The UK Awards 21 Carbon Storage Licenses To 14 Companies - Carbon Herald

On Friday, the North Sea Transition Authority (NSTA) awarded 14 companies a total of 21 carbon storage licenses in depleted oil and gas reservoirs in the UK.

In doing so, the UK hopes to permanently store nearly 10% of its total greenhouse gas (GHG) emissions in these new locations, which in total cover an area of roughly 12,000 square kilometers (~4,634 square miles).

It is estimated that the new storage sites will be able to hold up to 30 million metric tons of carbon dioxide per year by the end of the decade, which is just under a tenth of the nation’s annual emission in 2021. 

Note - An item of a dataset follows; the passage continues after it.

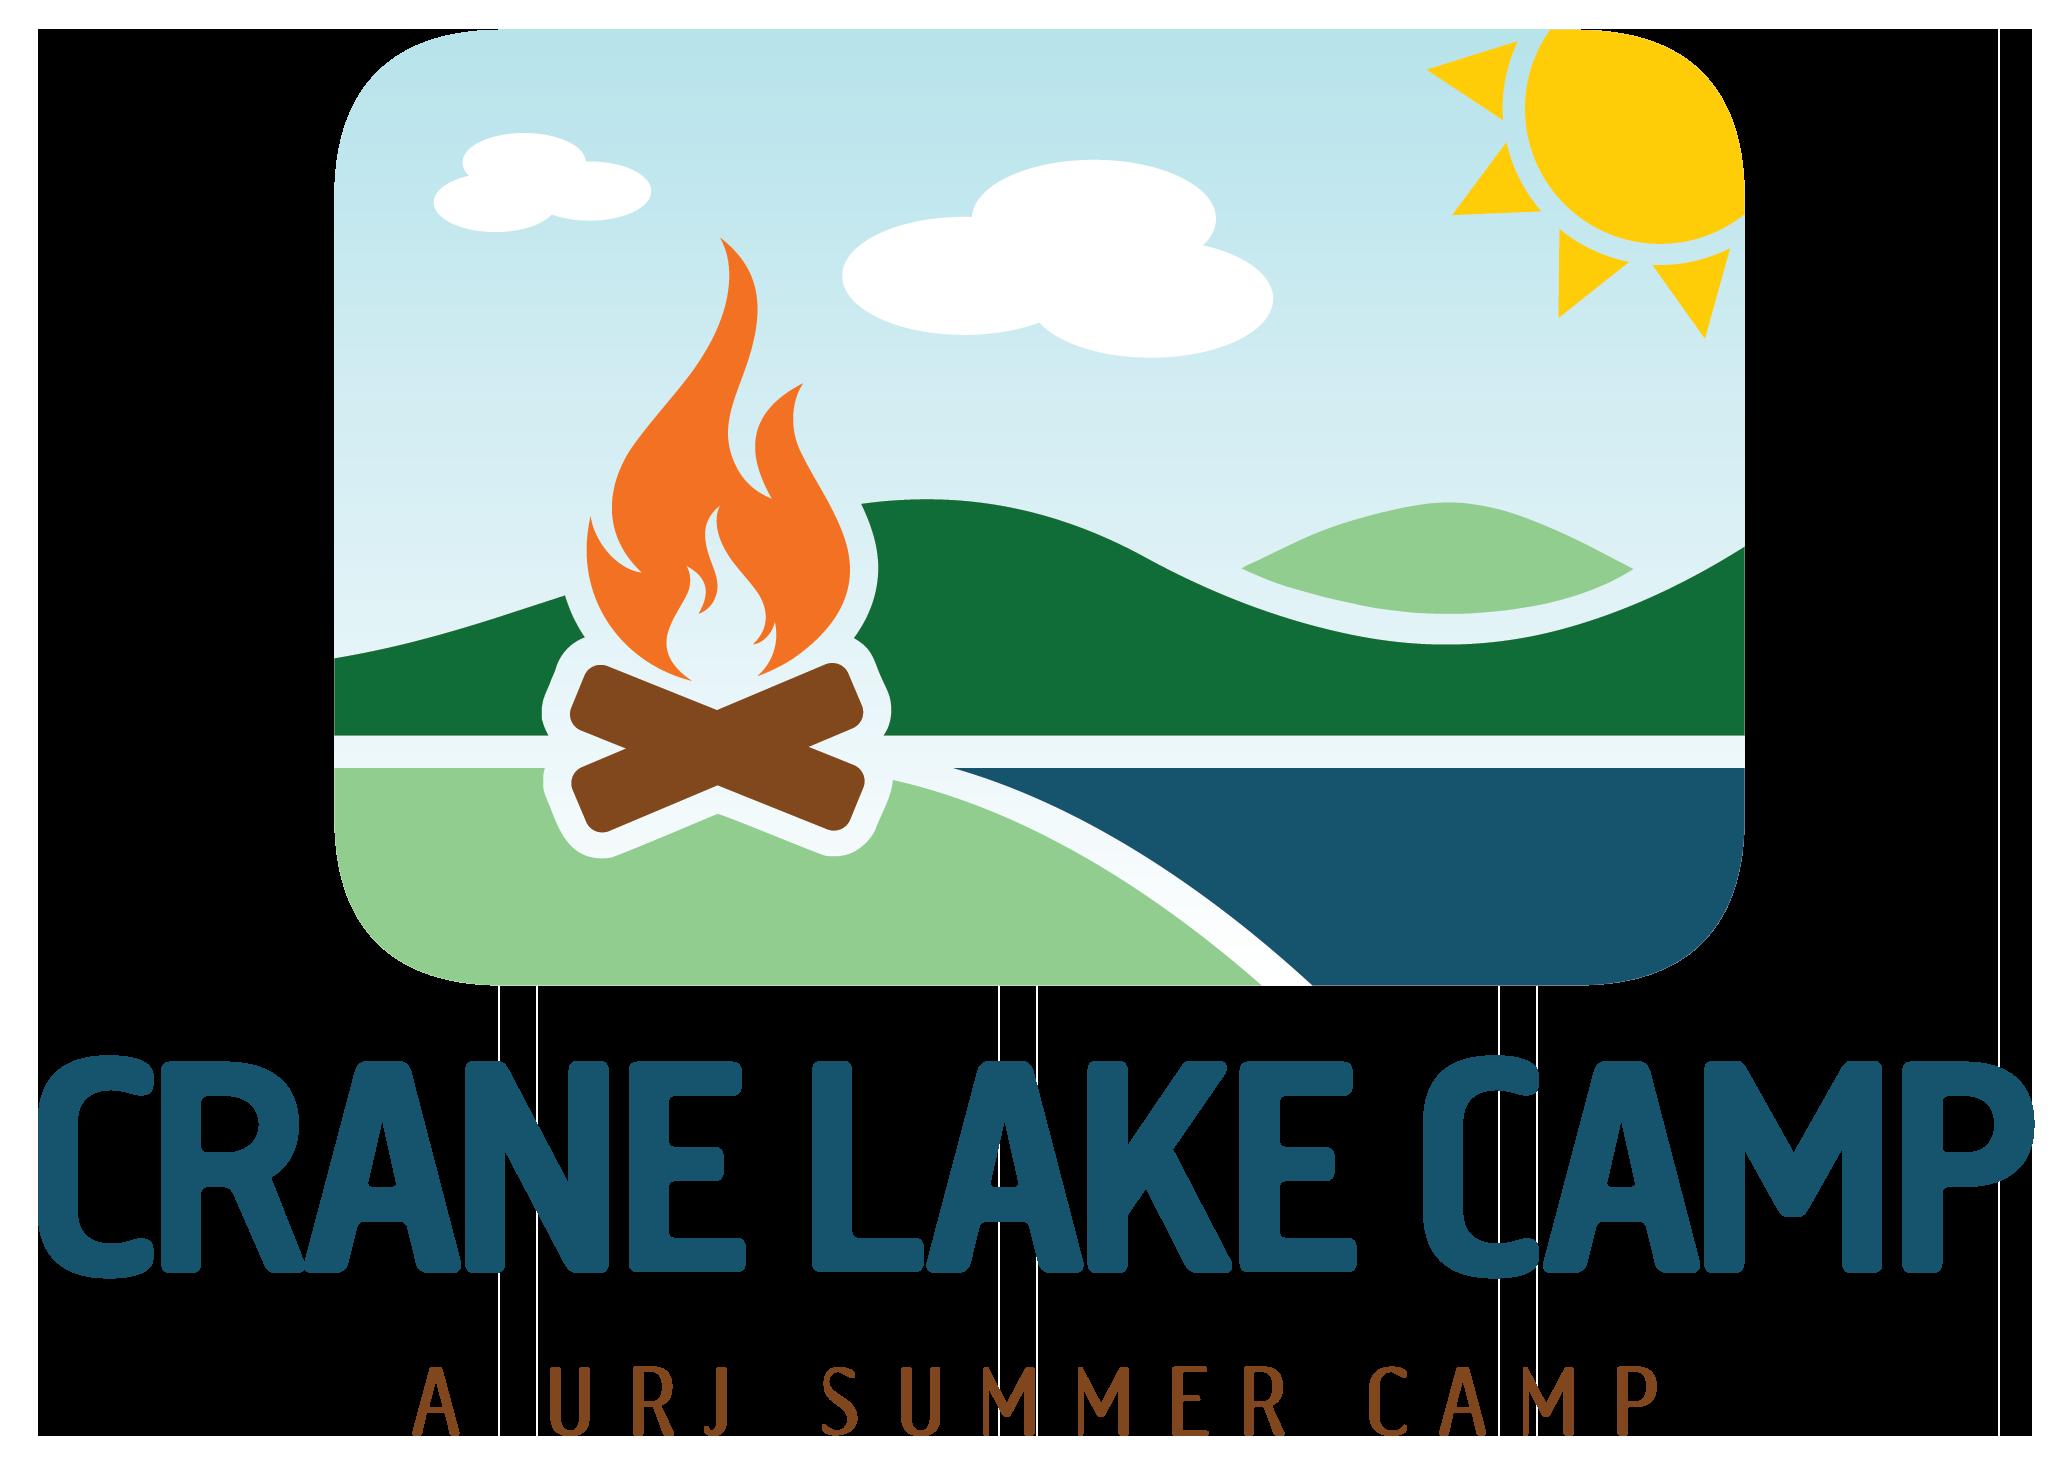 URJ Crane Lake Camp

Part of the storage sites are located off the coast of Norfolk and may potentially become part of the Bacton Energy Hub, which is a project that includes hydrogen, offshore wind power and carbon storage. 

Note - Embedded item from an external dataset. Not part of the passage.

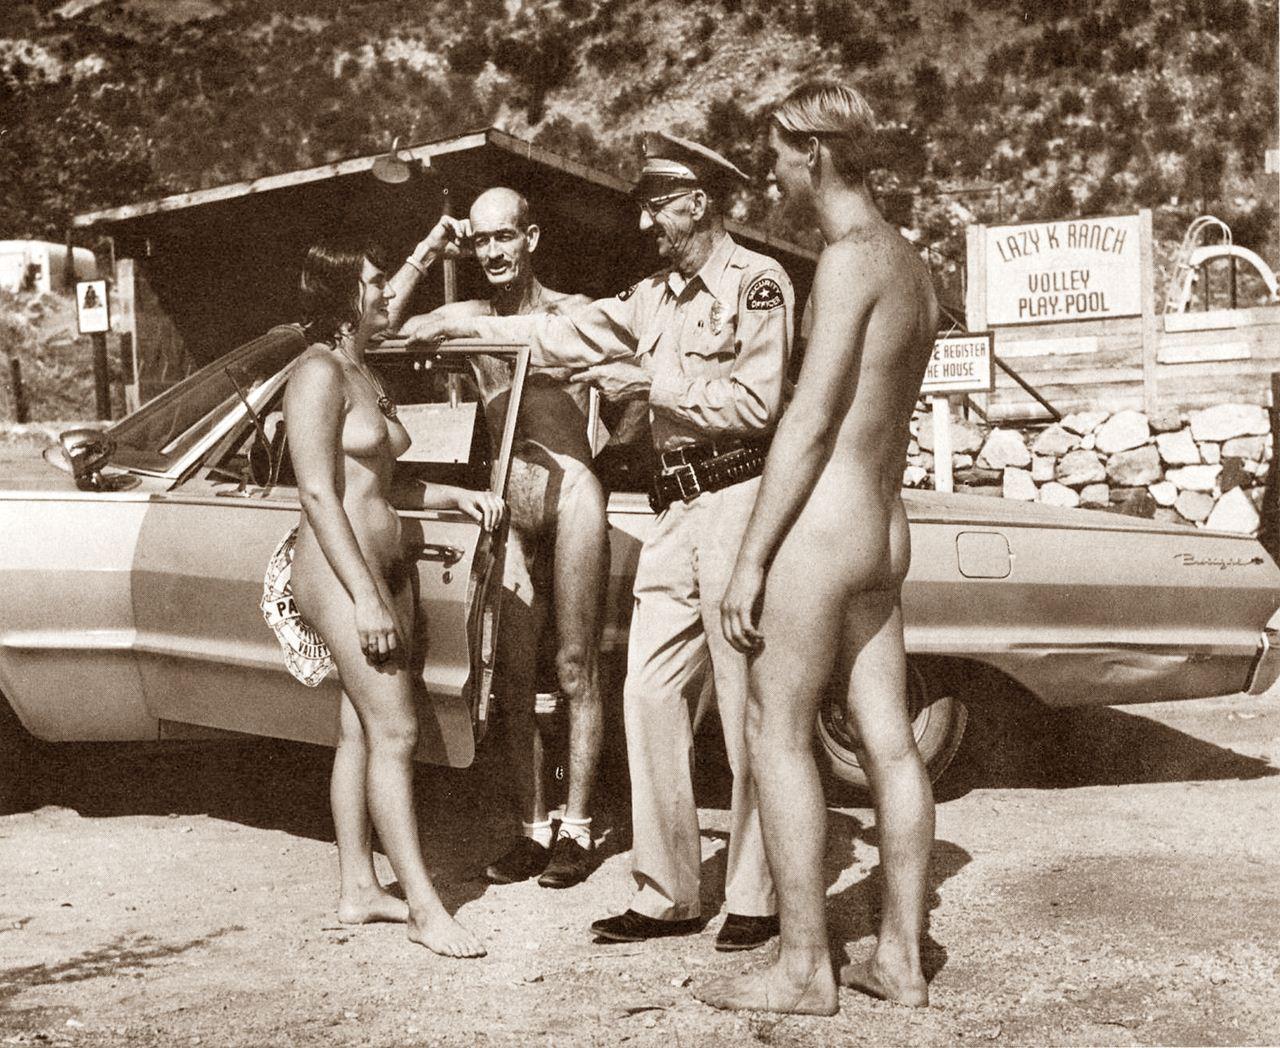 Nudist colony 1950 s uk

Other storage sites include depleted reservoirs and saline aquifers off the coasts of Teesside, Liverpool, and Aberdeen.

As for the companies that have accepted the carbon storage licenses, these include fossil fuel giants ENI, Shell, BP, Perenco and Neptune Energy. 

Relevant: enfinium Says Carbon Capture Should Be Used On All New UK Energy From Waste Facilities

Other companies in the list are Pale Blue Dot Energy (subsidiary of Storegga), Spirit Energy Production UK, EnQuest, Synergia Energy, and Chrysaor Production UK. 

“Carbon storage will play a crucial role in the energy transition, storing carbon dioxide deep under the seabed and playing a key role in hydrogen production and energy hubs,” said Stuart Payne, Chief Executive of NSTA.

Payne also expressed his excitement to have completed the first round of carbon storage license awards, particularly as it is estimated that as many as 100 carbon storage licenses will be required for the UK to meet net zero goals.